Первый раз я увидел Ткачёва в Институте восточных языков при МГУ в 1958 году, он там преподавал, а я учился, хотя разница в возрасте была не так уж и велика. На этой почве ученья мы с ним не пересекались, но с близким его приятелем, Дегой Витальевичем Деопиком, мы столкнулись лбами на первой же его лекции на моем первом курсе и с тех пор запомнили друг друга, а не заметить рядом с ним Ткачёва было невозможно, ибо Мариан Николаевич в те годы был фигурой экзотической. Начать с того, что ходил он всегда в костюме-тройке, рубахи носил однотонные, преимущественно темно-малиновые и галстух (сознательно употреблю старомодную орфографию) бабочкой. Во внешности его всегда было нечто восточное, чуть сладковатое, что было обманчивым впечатлением, усугублявшимся совершенно фантастической прической. Дело в том, что Марик рано начал лысеть и это было его тайной душевной занозой, и должно было пройти лет 30 пока он окончательно сдался и смирился с этой особенностью своего облика. А в то время он с этим пороком боролся, отращивая с одной стороны большой лысины длинную, сантиметров в двадцать, гриву и прикрывал ею, причудливо уложенной, центральную проплешину.

Я совершенно не помню, как мы с Ткачёвым сошлись и на почве чего, хотя и имею некоторые подозрения, как это могло было случиться. Но первое впечатление от этой экзотической фигуры помню дословно, ибо походил он на голубого, что было глубочайшей несправедливостью и не имело под собой никакого основания, но узнать это мне довелось чуть позже.

Из уроков ботаники я помню, что есть такой процесс перекрестного опыления, так вот в облике Ткачёва перекрестно опыляли друг друга два понятия: английский джентльмен и одесский босяк. Правда, босяк не натуральный, а скорее бабелевский, не лишенный изысканности. В результате получался одесский джентльмен, каковым и был Ткачёв, сохраняя в своей внешности родовые признаки изначальных понятий.
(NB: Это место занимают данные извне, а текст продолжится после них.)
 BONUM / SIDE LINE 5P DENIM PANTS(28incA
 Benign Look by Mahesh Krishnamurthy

Но об этом потом.

Подозреваю, хотя и не помню, тем более в подробностях, что прочные контакты с Ткачёвым у нас возникли весной 1963 года, когда я пришел на практику в восточную редакцию Гослитиздата, располагавшегося на Новой Басманной против сада Баумана.
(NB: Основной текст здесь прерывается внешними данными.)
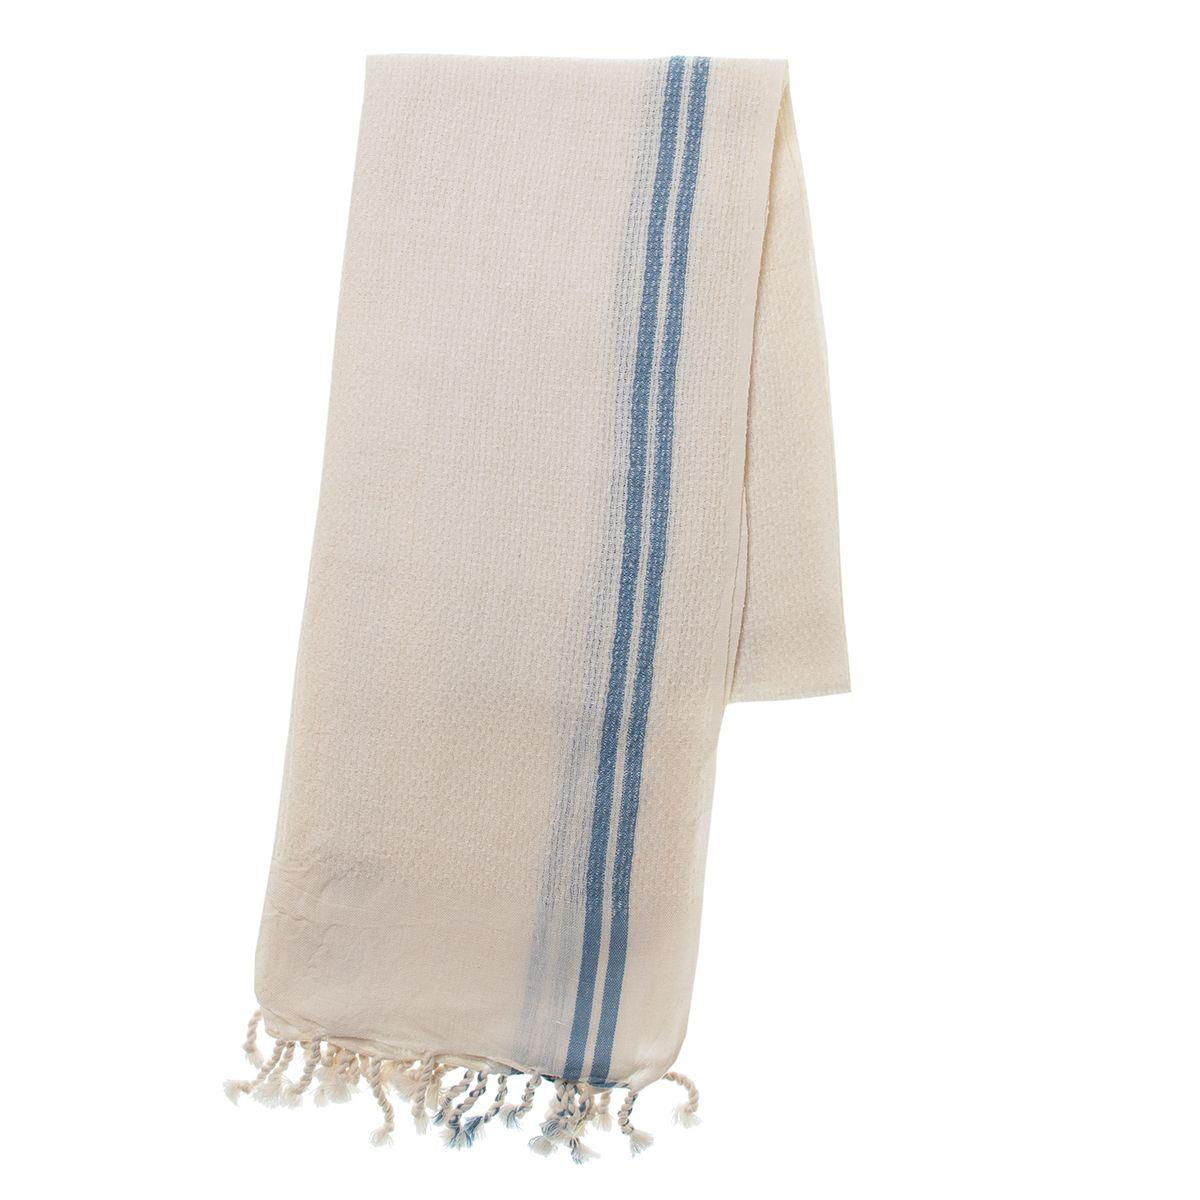 Peshtemal Petek / Ecru - Air Blue Stripes

В этом четырехэтажном здании, на четвертом этаже размещалась редакция Восточных литератур, которую возглавляла Тамара Прокофьевна Редько, умнейшая женщина, все из кругов и овалов, без единого угла или прямой линии, Ткачёв был молодым, но желанным автором, а я врио младшего редактора. Именно там он впервые напечатал (если память не изменяет, в «Восточном альманахе») повесть То Хоая «О кузнечике Мене», с которой и началась его переводческая слава. Тогда это было лучшее издательство во всем СССР, туда ходили – пешком – Андроников и Шолохов, молодой Бродский и старый Светлов, Пастернак и Заболотский, там работали такие корифеи, как Симон Маркиш, и печатались такие гении, как Витя Хинкис. Лифт там возил только снизу-вверх, поэтому когда на четвертом этаже я увидел величественную даму, безуспешно пытавшуюся открыть дверь лифта, то, не узнав и ничего еще не сообразив, ринулся вниз и, только поднимаясь в кабине на этот четвертый этаж, где-то между вторым и третьим понял, что я, как портье при гостинице, доставляю карету лифта Анне Андреевне Ахматовой.
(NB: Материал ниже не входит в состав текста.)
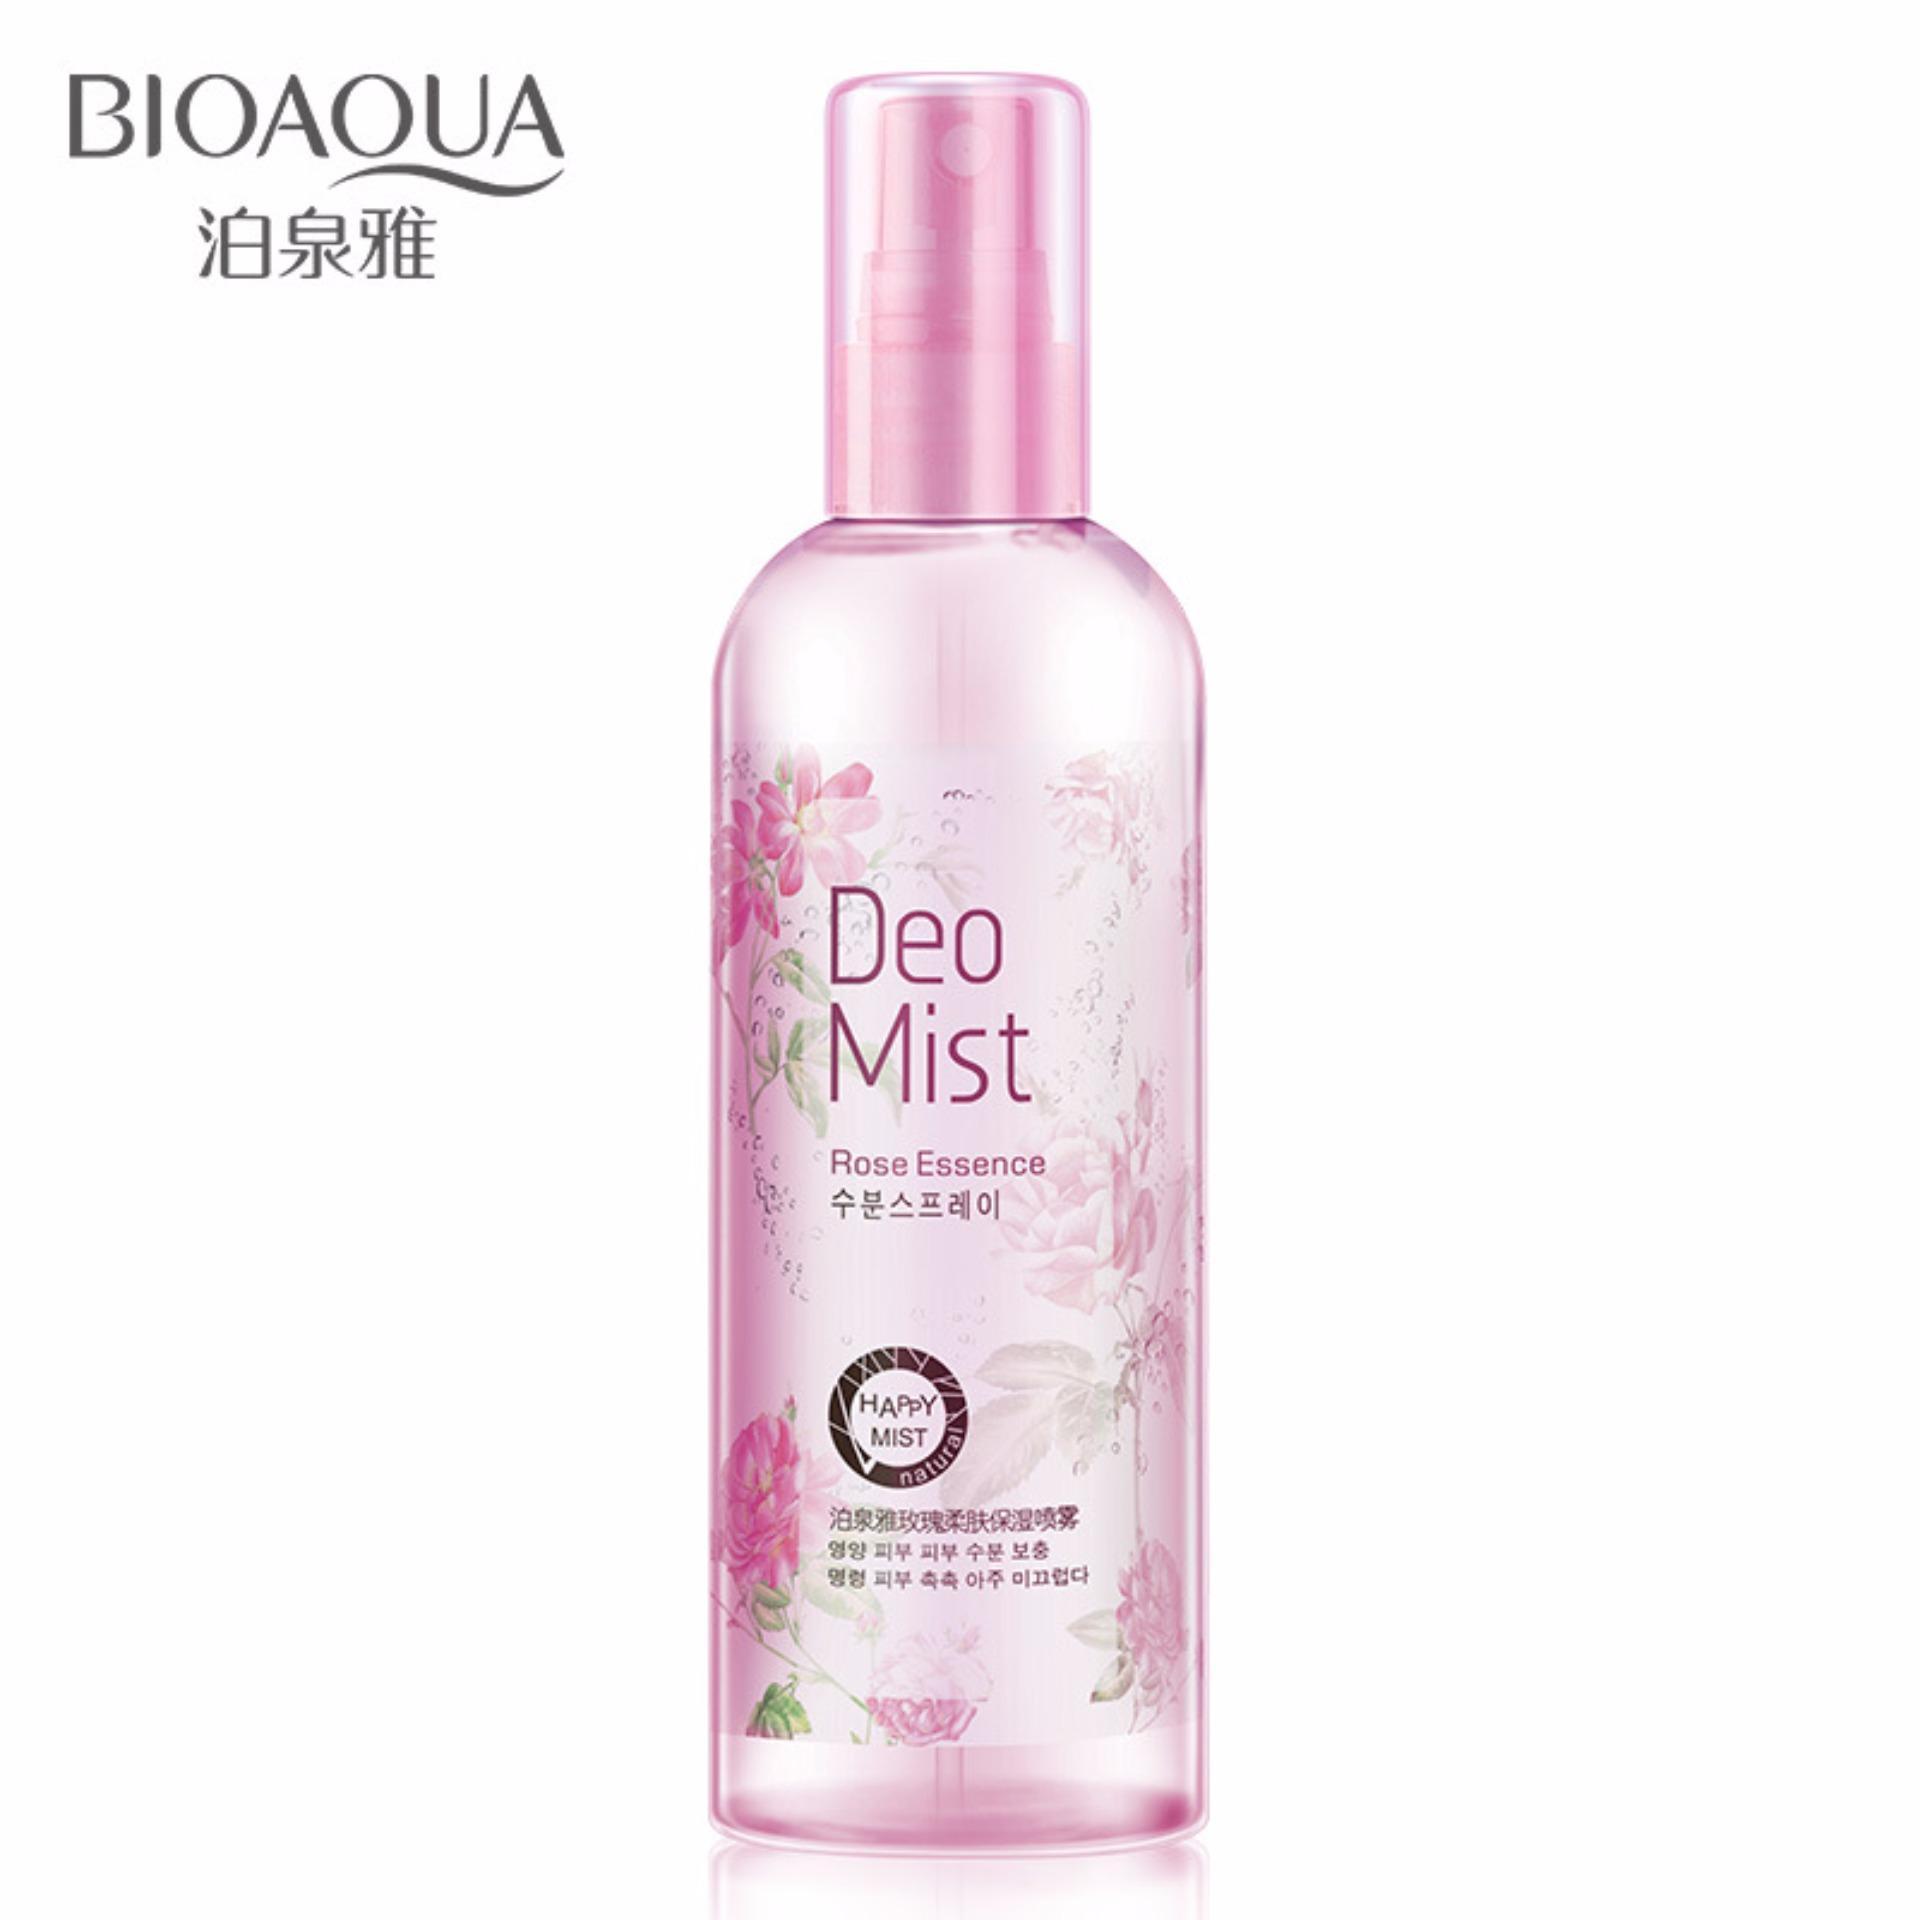 Bioaqua Rose Essence Deo Mist Whitening Anti-aging Rose SkinMoisturizing Spray Oil Control And Relieve Pores

Гослит был советским учреждением, но, как почти все советское, связанное с литературой и тем более с классикой, у этой советскости был отчетливо гуманитарный оттенок, допуск, прибавка вечного к кондовым принципам современности. Это был все-таки заповедник, и Ткачёв, и я, никак не связанные с редакцией советской литературы, где, несмотря на симпатичность и человеческую приятность редакторш, все-таки процветал дух секретарской литературы, мы были почти вольные – и это нас сблизило, сравняло в возрасте, дало возможность оценить друг в друге выношенную по отдельности независимость в суждениях и непредвзятость оценок того, что каждый по отдельности делал.